Right. Moving on. Things to do. People to help.

“Thanks,” he says. “I’ll be up in a few.” He turns to Steve, feeling like some sort of introduction is appropriate even though they’re all very well acquainted already. It’s a new day. A new journey.

He fumbles for words.

“Welcome to Burnout. Formerly of Phoenix Cell, as you know, now just trying to scrape by and keep our heads down.”

“Because the Empire wants them,” Rhodey adds, “and we’re kind of attached.”
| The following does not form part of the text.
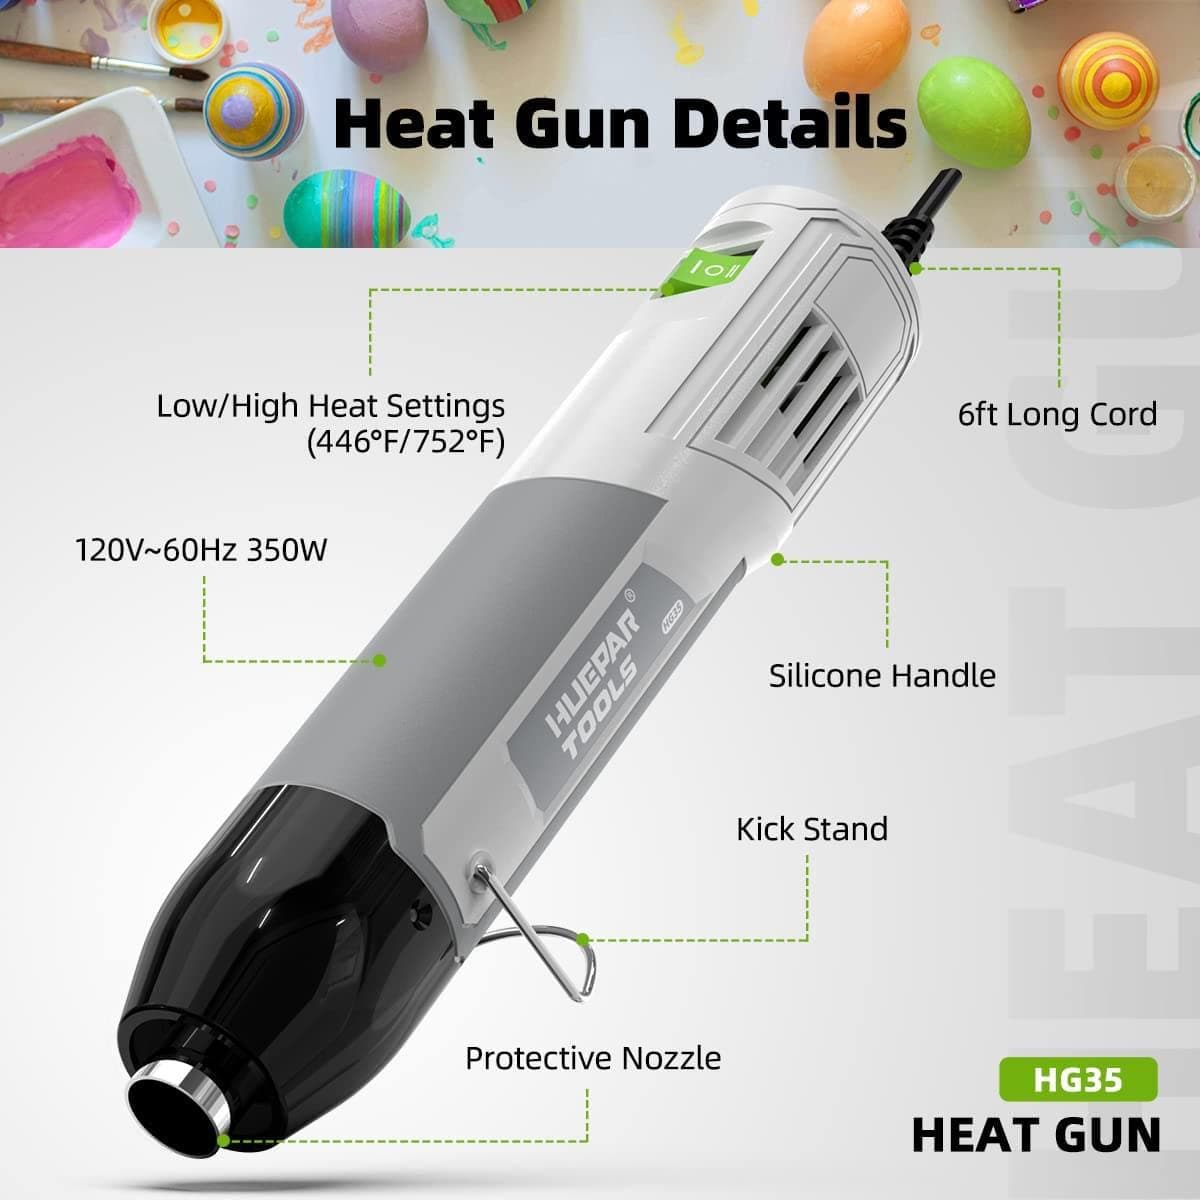 Huepar Tools Mini Dual Temp Heat Gun for Crafts with Shrink Wrapping, Embossing, Candle Making Accessories, Including Heat Shrink Tubes, Silicon Brushes, and Nozzles7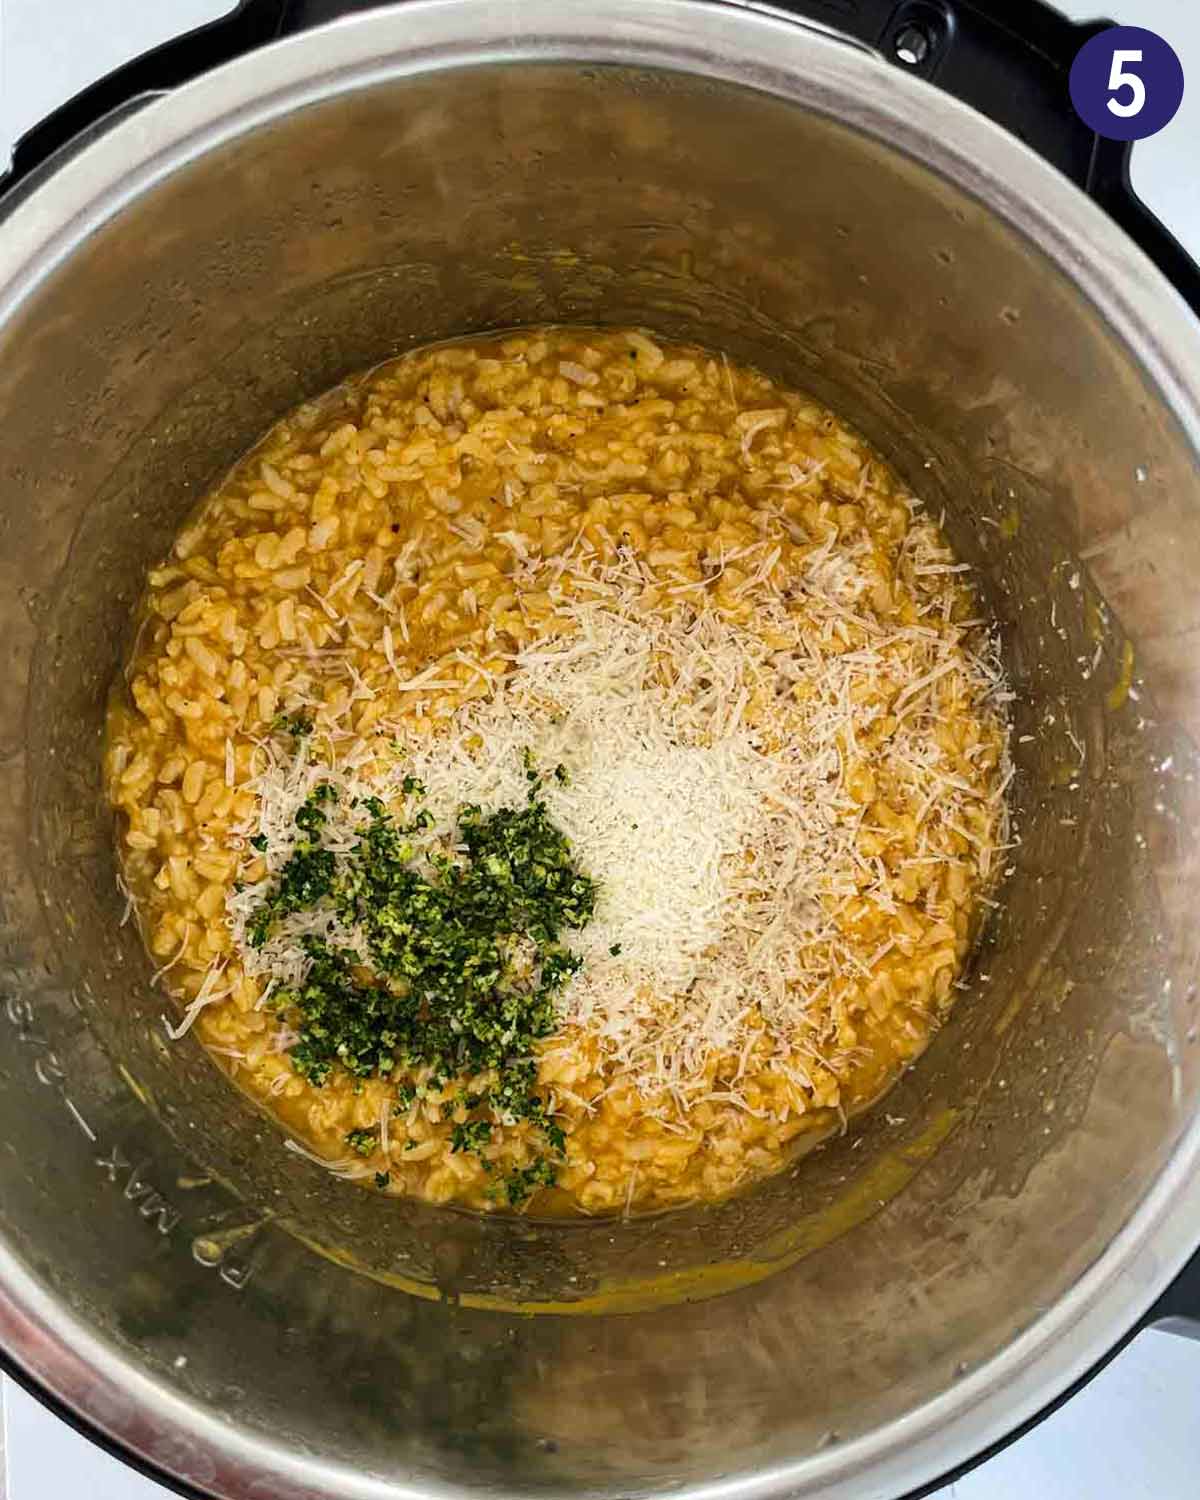 Pumpkin risotto after cooking in Instant Pot with fresh gremolata and parmesan cheese.

Steve nods. “The bounties were pretty impressive.” Tony can’t tell, looking at him, if that’s supposed to be an insult or a compliment or just a statement. He really, really needs to stop overthinking every twitch Steve’s face makes, or he’s never going to get anything done. He can _feel_ the look Rhodey’s giving him behind the helmet.

“We actually try to avoid gathering that much attention,” he manages to say, “but sometimes we’re just unlucky. But I should get up to navigation. I’m sure you remember where everything is.”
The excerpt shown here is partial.